Pomimo negatywnych sygnałów na rynkach w europie panowały euforyczne nastroje. „Jeszcze przed południem CAC40 zyskiwał niemal 4 proc. a DAX szedł w górę o prawie 3,5 proc. Liderami były jednak zyskujące po ponad 4,5 proc. wskaźniki w Moskwie i Helsinkach. Po ponad 3 proc. rosły indeksy w Brukseli, Madrycie i Mediolanie. Na niewielkich minusach pozostawały jedynie Ateny, Bukareszt i Sofia” – dodał Przasnyski.
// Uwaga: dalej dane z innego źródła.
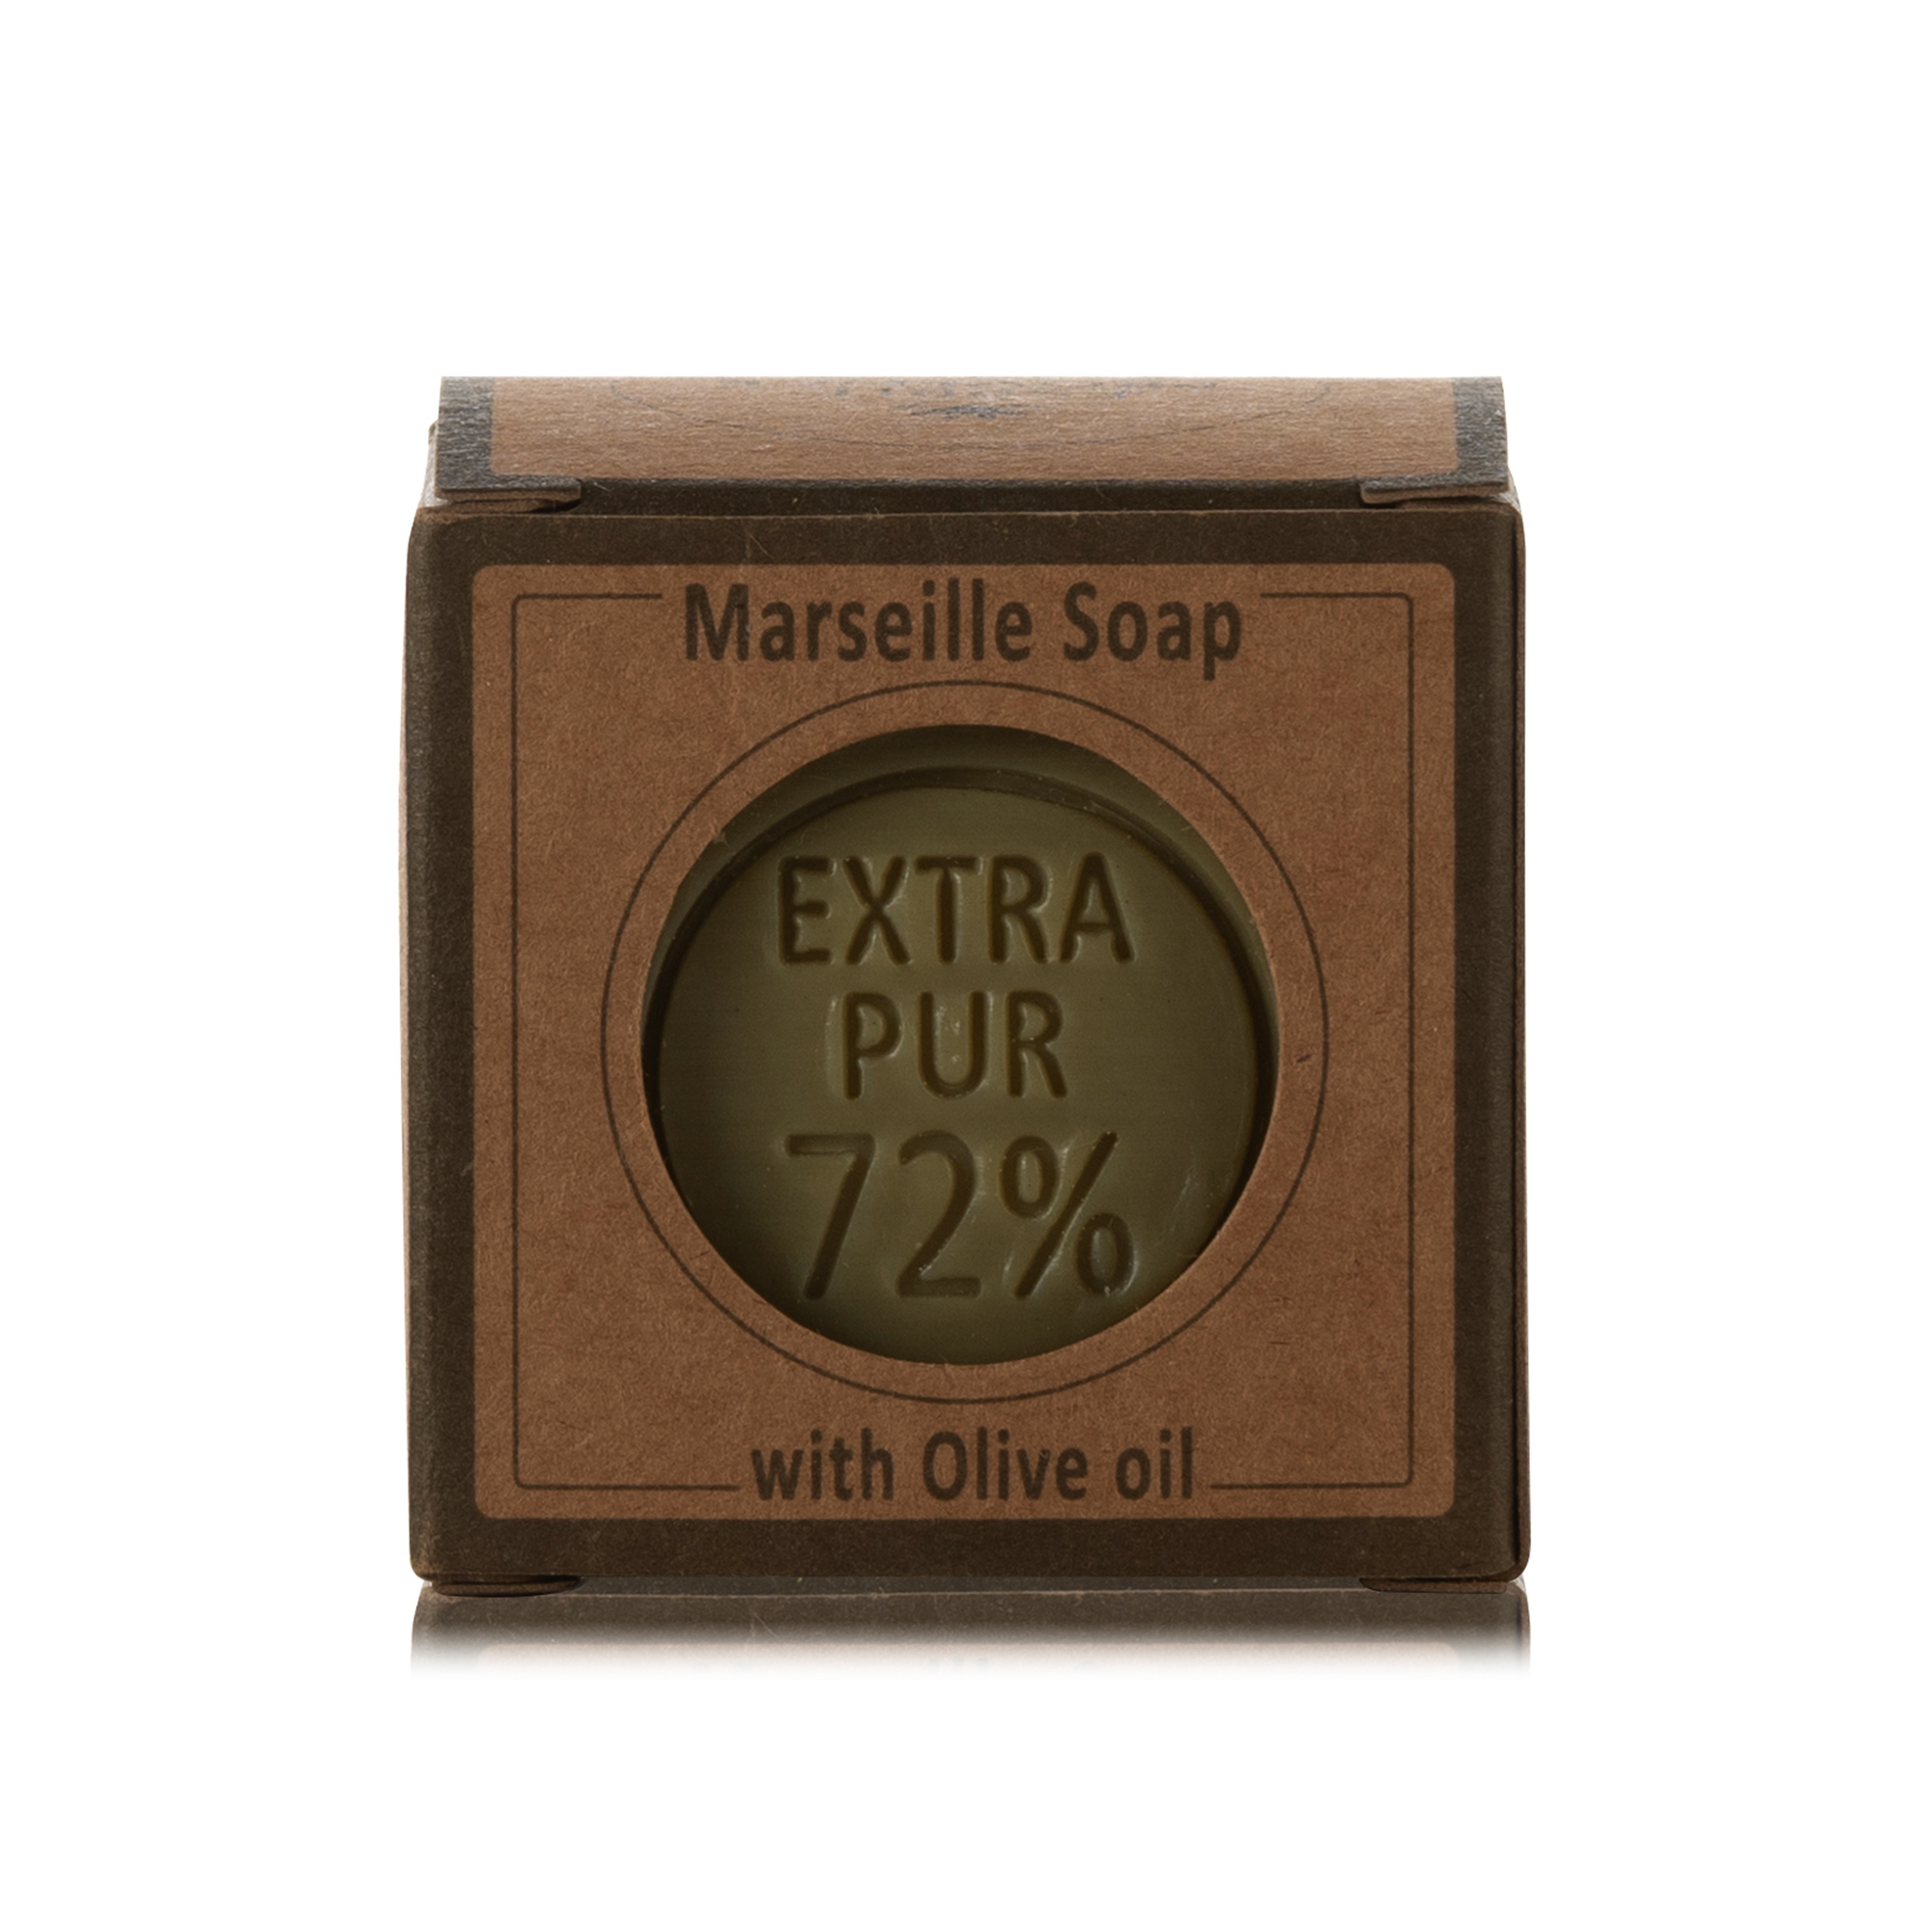 Huile d'olive Savon de Marseille 72% , cube de 100g

Pozytywną informacją dla inwestorów był poniedziałkowy odczyt wskaźnika Gfk, obrazującego zaufania niemieckich konsumentów. W grudniu wskaźnik ten wzrósł do 5,6 pkt, wobec 5,4 pkt w listopadzie. Analitycy spodziewali się spadku do 5,27 pkt. – napisała PAP.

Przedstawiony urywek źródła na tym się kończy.